According to Abuelaish, shifting blame is not only unproductive, it is also harmful, and “never leads to personal growth”, for, as he puts it, “life has been and will always be the result of our efforts, of our own actions”.

Abuelaish’s journey exemplifies his philosophy in more ways than one. From growing up in a refugee camp to being nominated for a Nobel Prize is itself a great achievement. Maybe his view of a refugee had something to do with it.

“This refugee, is not just someone displaced or exiled. This human being has a name, has a face, has hopes, has dreams, has plans, has parents; one day he has a country, he has a home, and the next he is homeless, deprived of his humanity, exposed to intimidation and humiliation.”

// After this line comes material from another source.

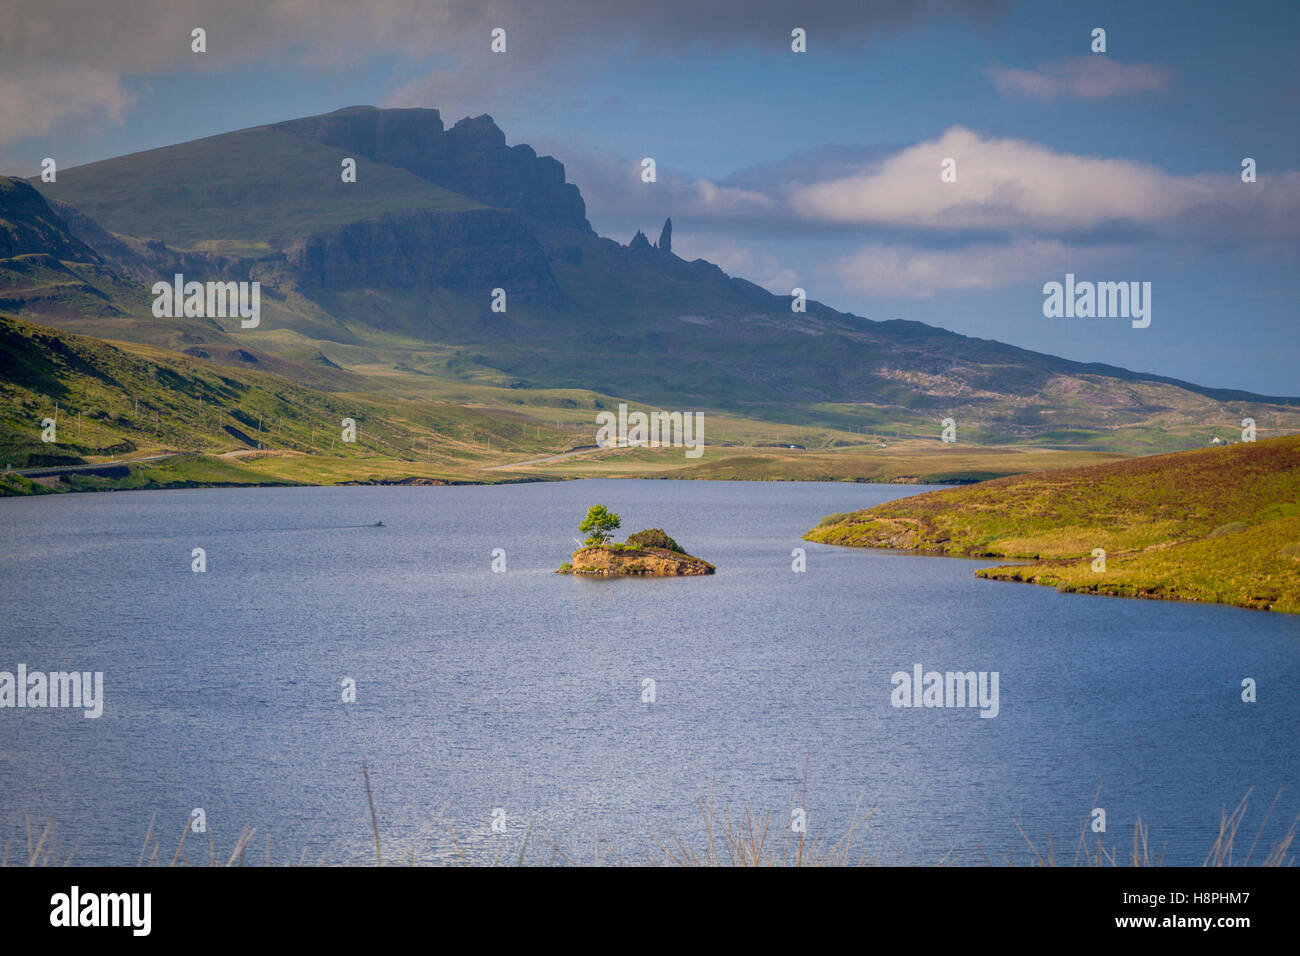 Le vieil homme de Storr et Trotternish à distance, île de Skye, Écosse Banque D'Images

With his view of what a refugee is, Abuelaish humanizes the issue while others politicize it, and this also sets a more realistic path for someone in a refugee camp to succeed, a normal human being, as he points out. 

True, the hardship of being a refugee in a camp could hinder the chances of someone succeeding, especially since living in conditions such as these could easily make one feel angry and, more importantly, hate those responsible for his situation.

Anger, he says, may be positive or negative. It is sometimes necessary, and should even be encouraged in certain situations, “like being angry when we see injustice and we take action because of it”. It should be positive anger that motivates one, he stresses, as negative anger is unproductive and harmful.

Abuelaish views hatred as “a poison”. “Most studies speak about hatred as a feeling, as an emotion, but I realized as a medical doctor that hatred is not only a feeling”; it is “destructive, contagious, a disease”.

Moreover, he says, hatred is contagious, ultimately creating an endless cycle of destruction and conflict.

For him, “the antidote to hatred is resilience, steadfastness, kindness to yourself, and self-forgiveness. Do not think of the perpetrator”. Moreover, “if you were a victim of some act, action from others, do not accept to be a victim more than once”.  

Doing this, he says, will transform hatred into positive energy, enabling a person to “challenge the perpetrator, to not give up and not forget”.

Aware that everybody handles emotions differently, that the resilience and steadfastness of one person may not be as potent as of another, he believes that the best thing is to “prevent exposure to hatred”. Providing people with peace, justice, equality, and freedom is the best way to avoid that exposure to hatred, he believes.

The importance of educating women
After the death of his three daughters and niece, Abuelaish founded the charitable organization “Daughters for Life”, for the purpose of aiding and guiding women through education systems across the Middle East, while also keeping the image of his daughters alive, for him and for the many he has helped.

“Women do not need to be empowered, they already have the power, they only need the means, and education is a means to an end, the means to practice their role as equal to men,” says Abuelaish.

“The best way to measure the development of a country is to examine women participation in decision making,” he stresses.

Abuelaish stands as a shining beacon of inspiration and hope to all. He was able to transcend his negative emotions and dedicate himself to the promotion of good.

“When I go to bed, I will have done something good. If I did not do something good, I did not do any harm; that is what I want others to take,” he says by way of advice.